CDLS Confederazione Democratica Lavoratori Sammarinese

tribunaleDopo 22 giorni di indagini, la procura ha iscritto nel registro degli indagati 20 persone. Ecco di chi si tratta. Intanto c'è Autostrade per l'Italia, la concessionaria che gestiva il tratto. Ci sono poi 8 dirigenti di Autostrade: l’amministratore delegato Giovanni Castellucci, il direttore del Primo Tronco di Genova Stefano Marigliani e i suoi sottoposti Paolo Strazzullo e Riccardo Rigacci; il direttore centrale Operation Paolo Berti, Michele Donferri (direttore delle Manutenzioni), Mario Bergamo (l’ex direttore delle manutenzioni di Autostrade che per primo nel 2015 ritenne necessario l’intervento sul Morandi) e Massimo Meliani ( responsabili ponti e gallerie).

Indagati i vertici dell’Unità di vigilanza del Mit, la struttura creata nel 2012 con compiti di controllo sui contratti, sulle tariffe e sui progetti: il direttore generale Vincenzo Cinelli e il suo predecessore Mauro Coletta; Bruno Santoro, capo Divisione tecnico-operativa della rete autostradale.


Fra gli indagati anche Antonio Brencich professore di ingegneria che già dieci anni fa criticò l'idea progettuale di Morandi affermando che gli stralli erano una soluzione superata e che comportava molti problemi di manutenzione. L'avviso è legato alla sua partecipazione al Comitato tecnico amministrativo del Provveditorato che dovette valutare il progetto di rinforzo degli stralli. Il Comitato, che valutò il progetto solo sulla base delle carte fornite da Autostrade senz ala possibilità di accertamenti propri, diede parere positivo seppur facendo delle prescrizioni e osservazioni critiche. Brencich questa mattina all'uscita della caserma della finanza è stato intervistato da una troupe del Tg1 e ha detto: "Diedi un parere positivo perchè non rilevammo urgenza o pericoli nelle carte che ci vennero consegnate.".
E' stato indagato anche l'altro membro esterno del Comitato del Provveditorato, l'ingeger Mario Servetto. Questa mattina consegnati gli ultimi avvisi anche agli ingegneri e Emanuele De Angelis e Massimiliano Giacobbi di Spea, e a Fulvio Di Taddeo di Autostrade .

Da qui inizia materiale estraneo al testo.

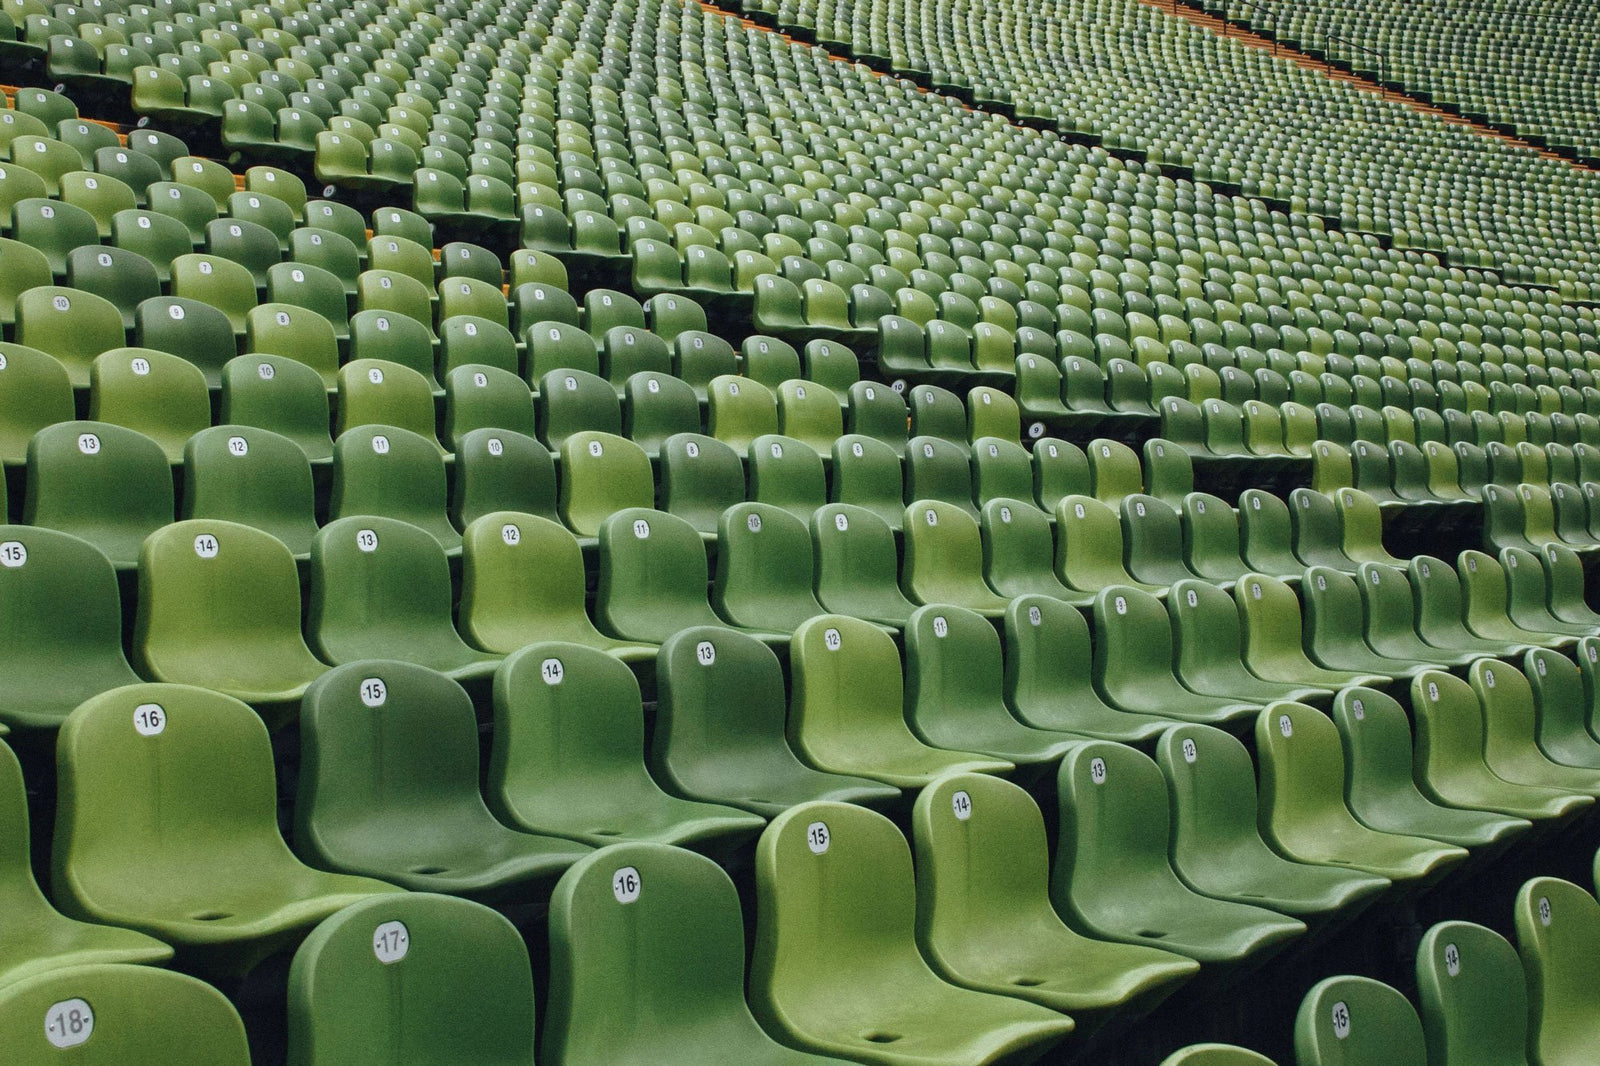 Best Stadium Seat Cushions, Bleacher Chairs -NiceC

Coinvolti nelle indagini e iscritti anche tre ingegneri del Provveditorato ed uno dell’Ufficio ispettivo, propaggini del ministero sul territorio: il provveditore Roberto Ferrazza, che per primo dopo il disastro si è presentato dal pm Terrile per rilasciare spontanee dichiarazioni, più i suoi collaboratori Salvatore Bonaccorso e Giuseppe Sisca; Carmine Testa, capo dell’Ufficio ispettivo. Ferrazza, Bonaccorso e Sisca erano mebri del Comitato tecnico che diede parere positivo al progetto di rinforzo senza rilevare una situaizone di emergenza.